Sunday, September 9, 2012

In Poe's "The Raven," what is the narrator doing at the beginning of the poem? What actions disturb him in the first stanza?

At the beginning of the poem, the narrator is poring over "many a quaint and curious volume of forgotten lore." The mood of the poem is "dreary" from the very first stanza; we are told that it's midnight, and the narrator is feeling "weak and weary." There's a dark, gnawing discomfort in the atmosphere. In the midst of this melancholic state of mind, the narrator is poring over volumes of old, forgotten stories. He's restless, alternating between nodding off to sleep and reading the strange volume of old stories.

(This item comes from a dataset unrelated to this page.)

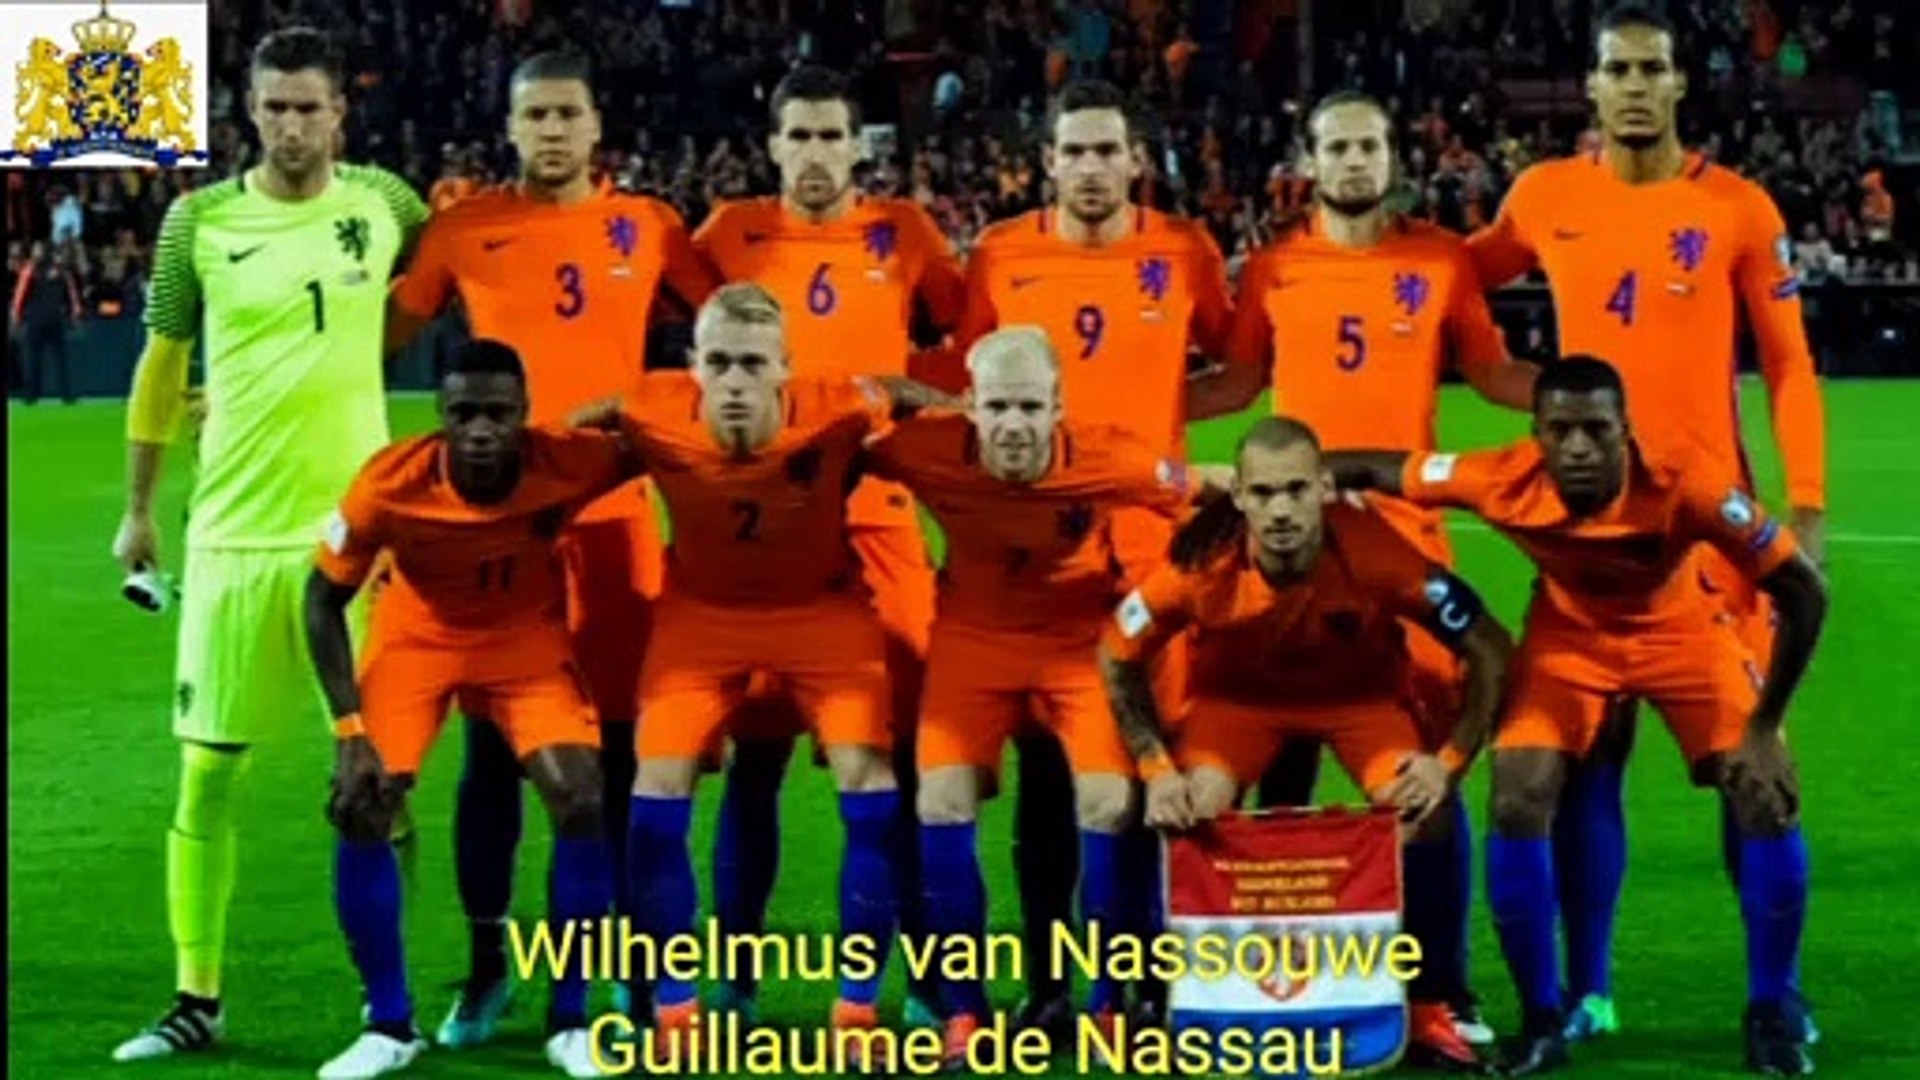 Apprendre l'Hymne National de Pays-Bas - Le Wilhelmus van Nassouwe (Lyrics  NL/Fr, instrumental, paysage) - Vidéo Dailymotion

We get the impression that the narrator's mind isn't really on what he's reading; he struggles to stay awake but is soon interrupted by a knock on the door. He tells himself that "Tis some visitor...Only this and nothing more." It's as if he's trying to convince himself about something. The second stanza sheds a little more light on the true reason for the narrator's despondency. He's reading to try to distract himself from the grief of losing a "rare and radiant maiden" named Lenore. From his books, he hopes to find a "surcease of sorrow," but his efforts are in vain. Perhaps the gentle knocking on the door causes him to hope that it's Lenore, and he has to tell himself otherwise in order to quell the likely disappointment that reality will bring him.